His eyes weren't glowing. His voice wasn't cruel. He was still Ciaran. Still
dangerous. Still calculating. But in that moment he was there, and she wasn't
alone.
"Sometimes it's a cliff, or it's
the sky. Other times there's nothing below me at all. … falling. Forever. And
there's a voice. Or perhaps it's mine. It keeps repeating something over and
over again."
Her voice dropped to a whisper.
"Valear'kha serana."
Ciaran went still.
"Say that again."
She did. Slower this time.
"I don't know what it means. I
can't even tell you what language it is. But every time I hear it… it's like
something inside me is waking up. And I don't know if that's good or
dangerous."
Ciaran didn't respond for a long
time.
"What does it mean?" she asked.
"I don't know."
"But — you reacted."
"I've heard a lot of things," he
said. "Doesn't mean I understand them. If you want… I can stay in your head
tonight."
Her eyes narrowed.
"To catch the nightmare. Replace
it with something else."
"You know I hate that," she said.
"I do. But I offered anyway and I
might do it, anyway."
"Why?"
"Because you need to sleep to
survive this place."
"You can't control everything."
"I don't want to control it," he
said. "I want to catch it.
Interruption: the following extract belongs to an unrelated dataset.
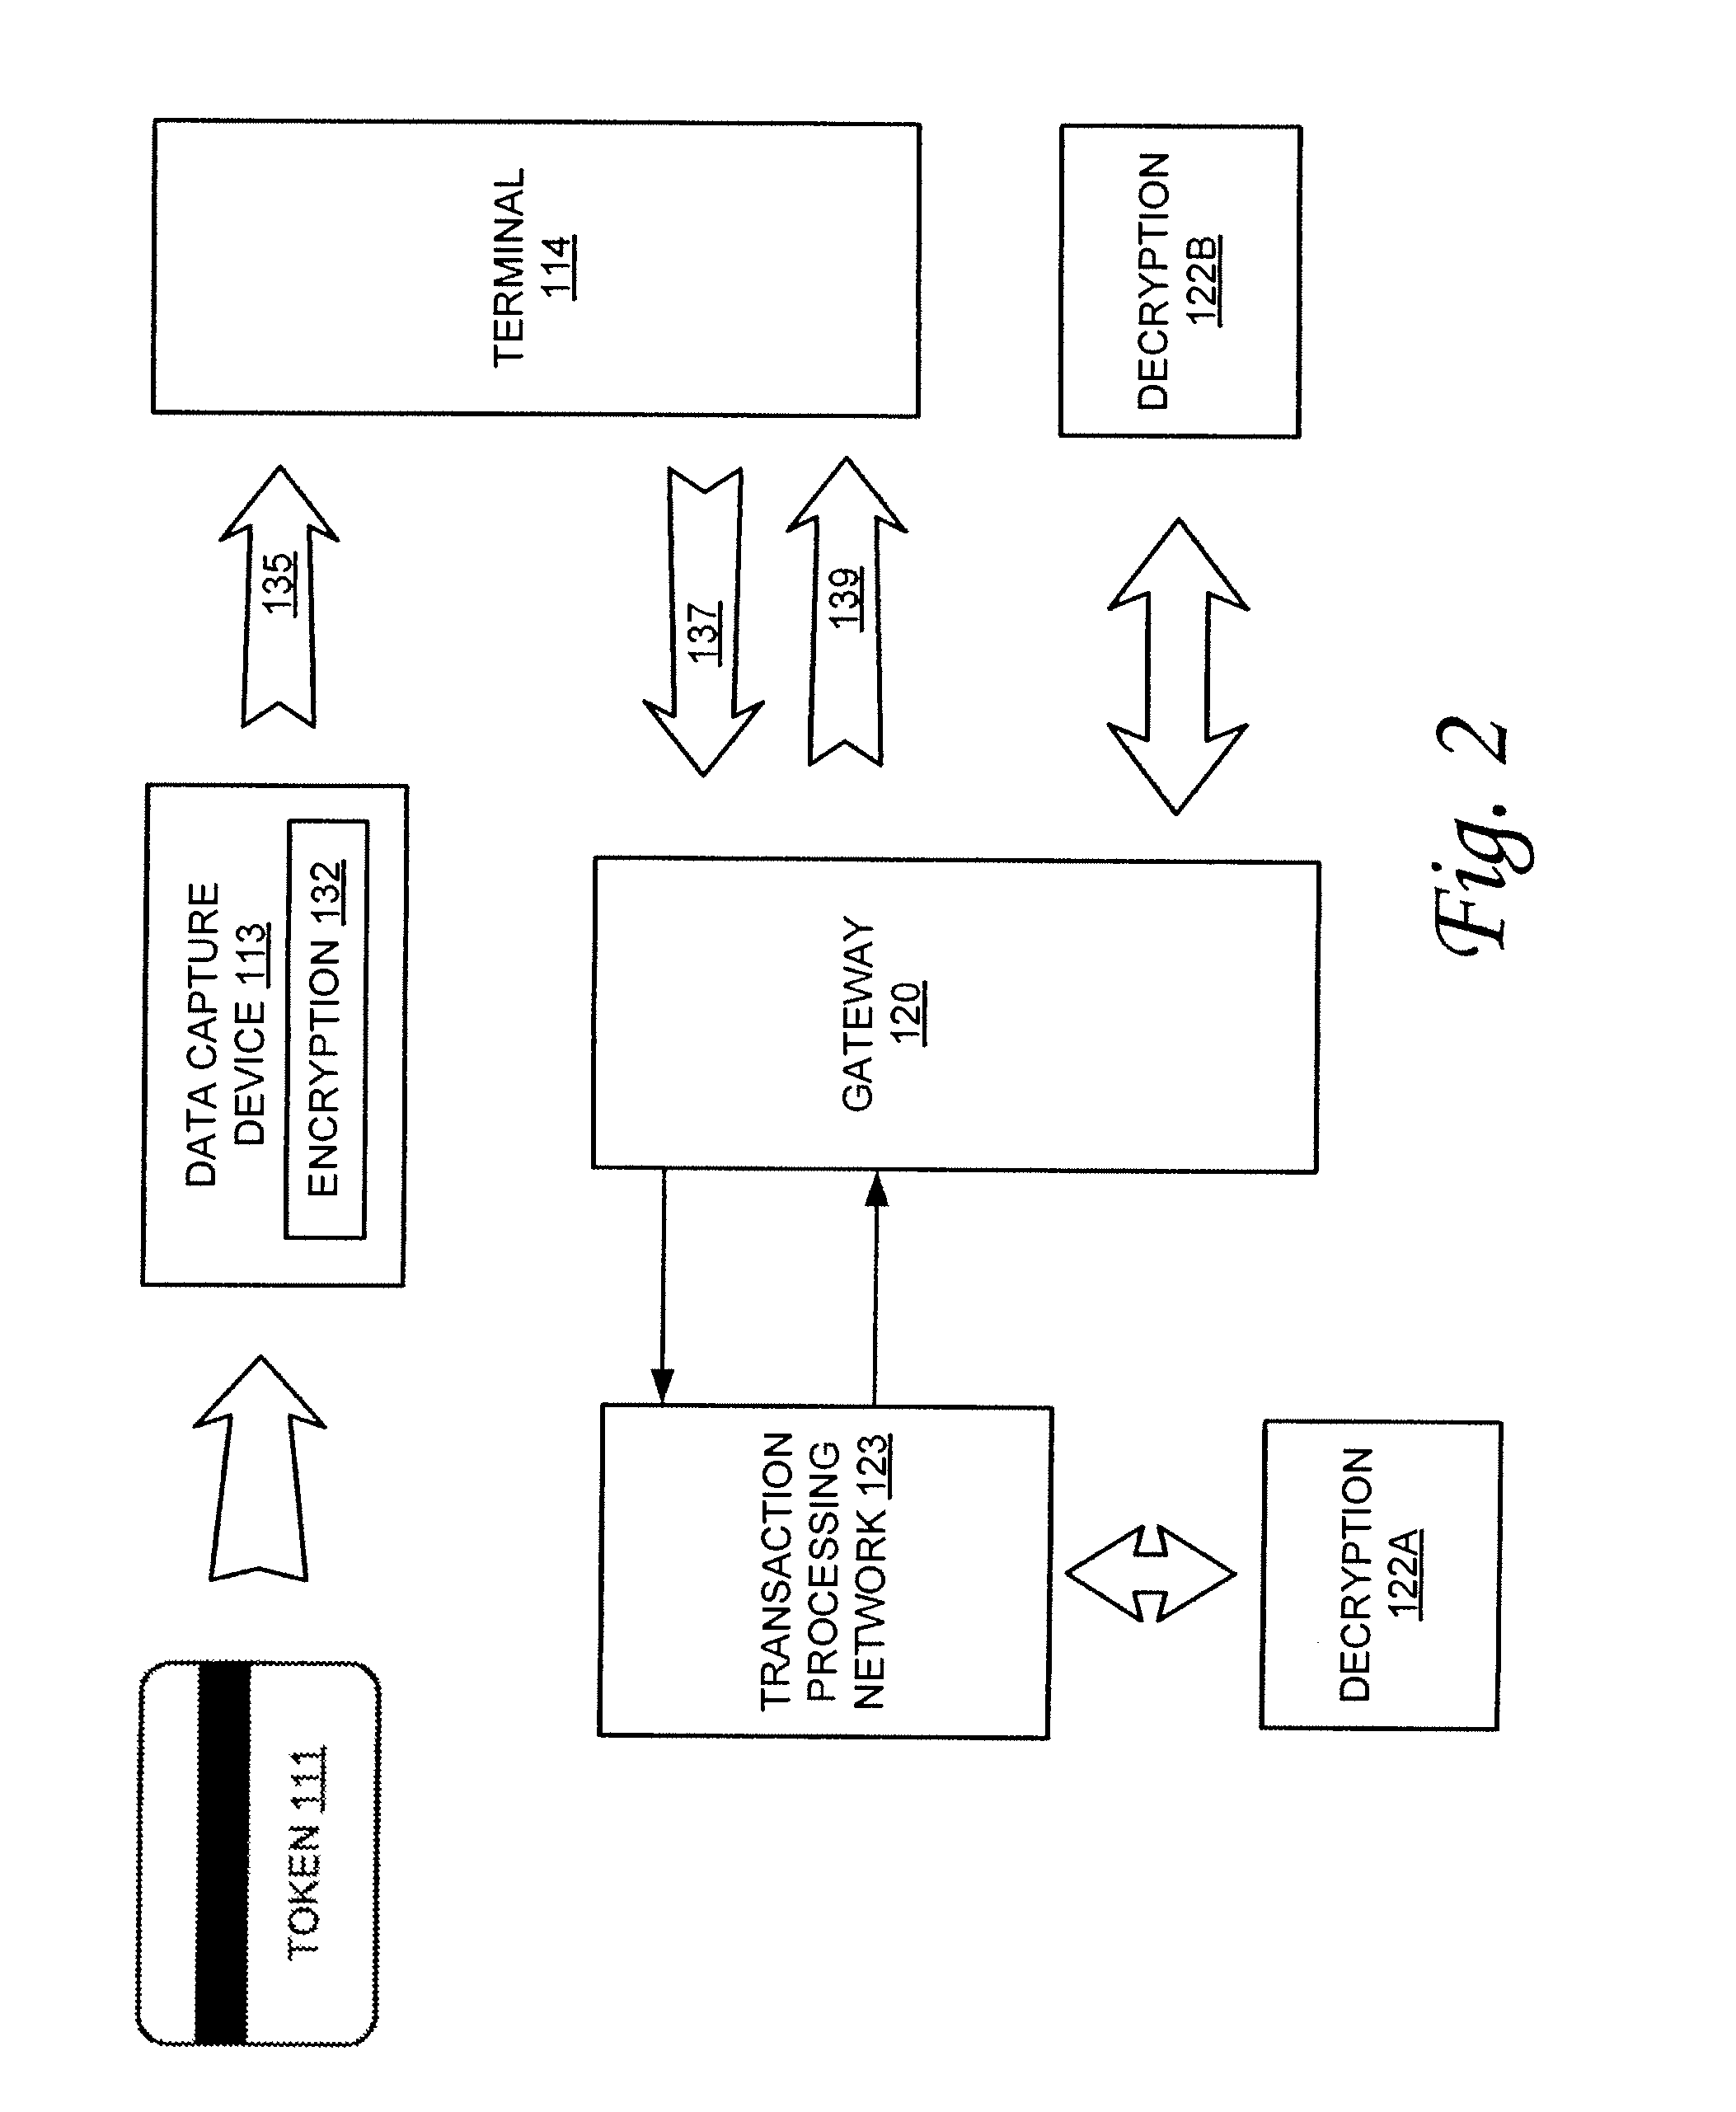 Variable-length cipher system and method

Before it kills you."
He turned, walked to the door,
and stopped without looking back.
She didn't look at him.
"And if I never forgive you for
it?"
"I don't trust you yet, little
storm. But I'll still catch you if you fall. Let me know if you change your
mind."
She didn't say thank you or tell
him no.
She just walked all the way back
to her room, through shadows that didn't quite suggest solitude.
Sleep overcame her instantly as
she fell onto her bed, fists clenched and eyes burning. And the ledge was
waiting. When the wind screamed in her ears and the ground came closer — she
sensed it. A presence. A shadow. Something caught her. And just before waking,
she heard it again a voice not her own. "No, Vasha, not tonight."